BD - Earth day 2024

Carpeting in Hospitals

Design from the floor upwards

Good design is more than providing a softer floor for healthcare workers or using different carpet colours to help patients find their way around what can be a bewildering place.

In recent years, the medical profession has been adopting “evidence-based medicine” that uses research finding to guide best practice, rather than simply accept expert opinion, the traditional and the age-old route towards clinical decisions.

The same is true in hospital design, where architects and interior designers have come to recognise that a healthcare facility is more than just its component parts. It should be a place that goes beyond mere functionality to create an environment that actually aids patient recovery.

Evidence-based design can be about recognising the importance of something as simple as natural light. For example, it’s long been known that we are all influenced by circadian rhythms that govern our performance in numerous ways – including sensitivity to drugs, hormone secretion, sleep patterns and immune responses.

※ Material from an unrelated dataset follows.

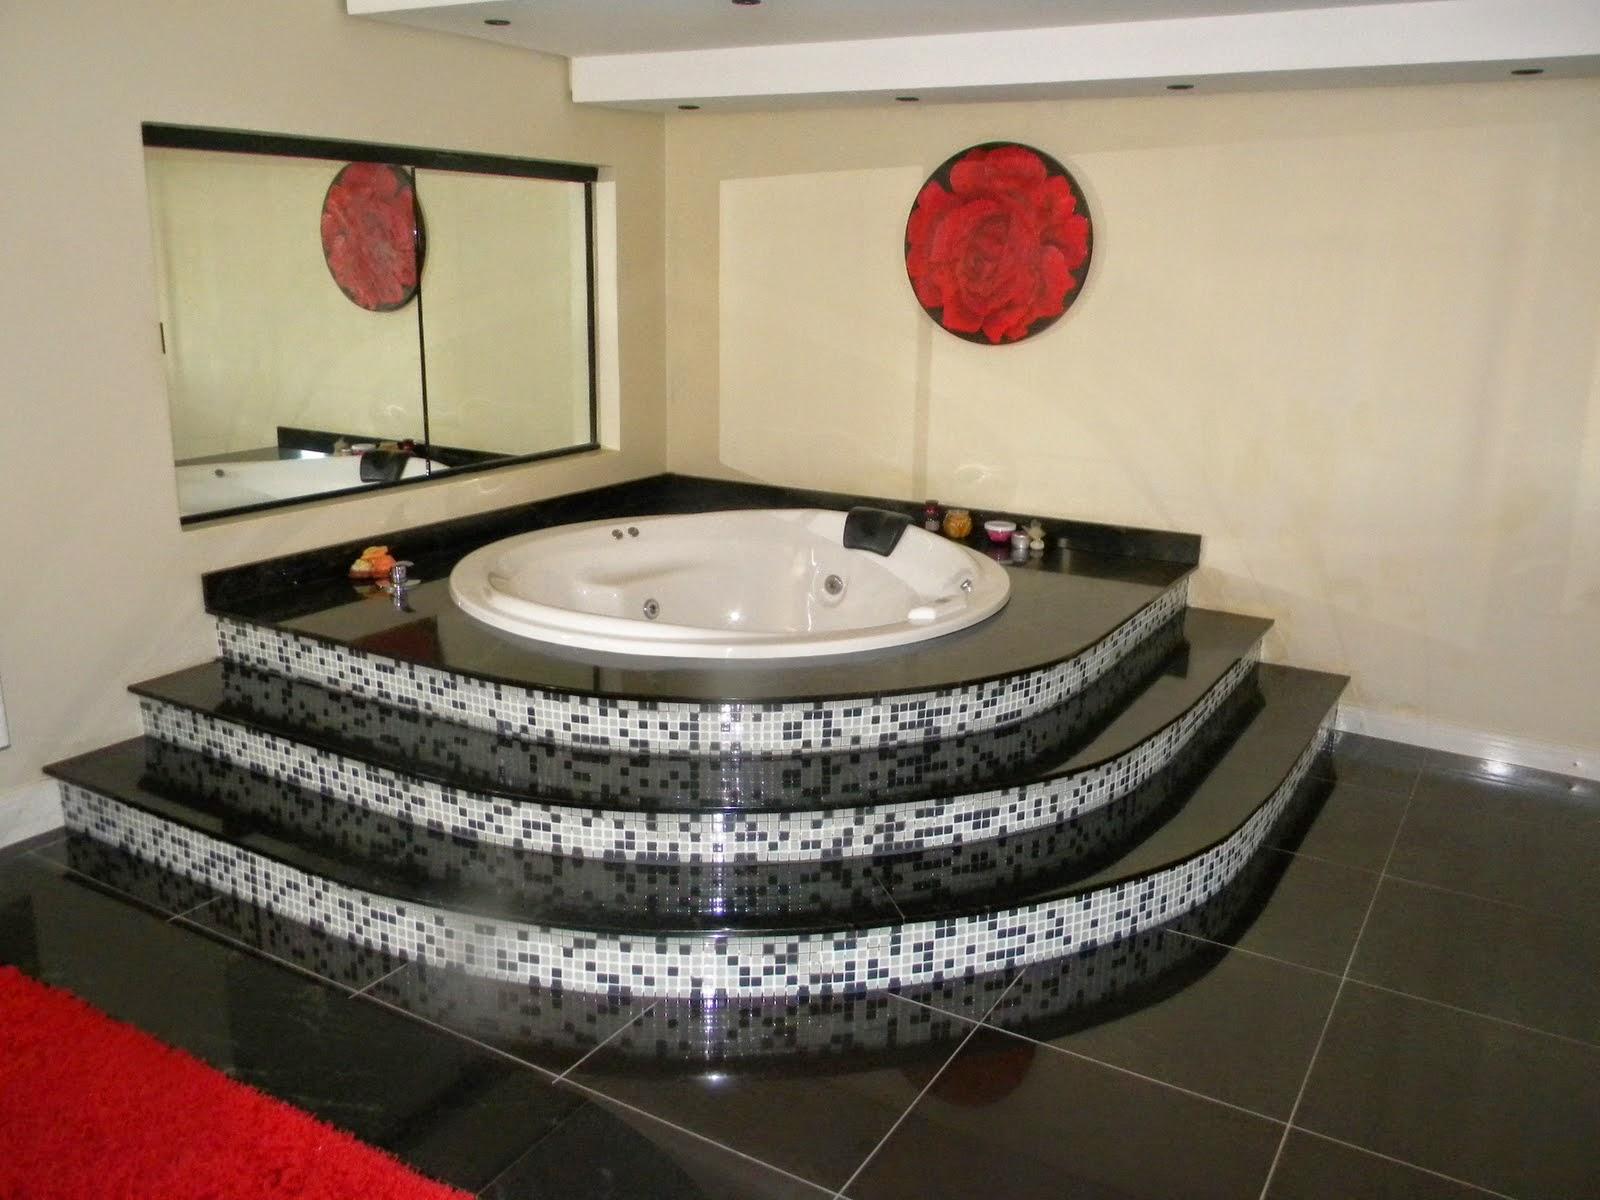 #B01B1B Como decorar um banheiro com piso de granito preto 1600x1200 px Banheiros De Granito Preto 1323

Knowing that is one thing, but making natural light a key part of the architectural brief requires good medical evidence – and there is now plenty. For example, a 2005 study (1) that showed that patients in a brighter area of a hospital took 22% less analgesic medicine than patients with the same medical condition on the dark side of the hospital. Apart from the human cost, that equated to a 21% cost differential.

Patient experience

Good healthcare design, based on empirical evidence, aims not only to make the patient experience better but to improve patient outcomes. For architects and interior designers, it’s about building complex and expensive facilities that are designed to work to best effect, and then testing every aspect of their design.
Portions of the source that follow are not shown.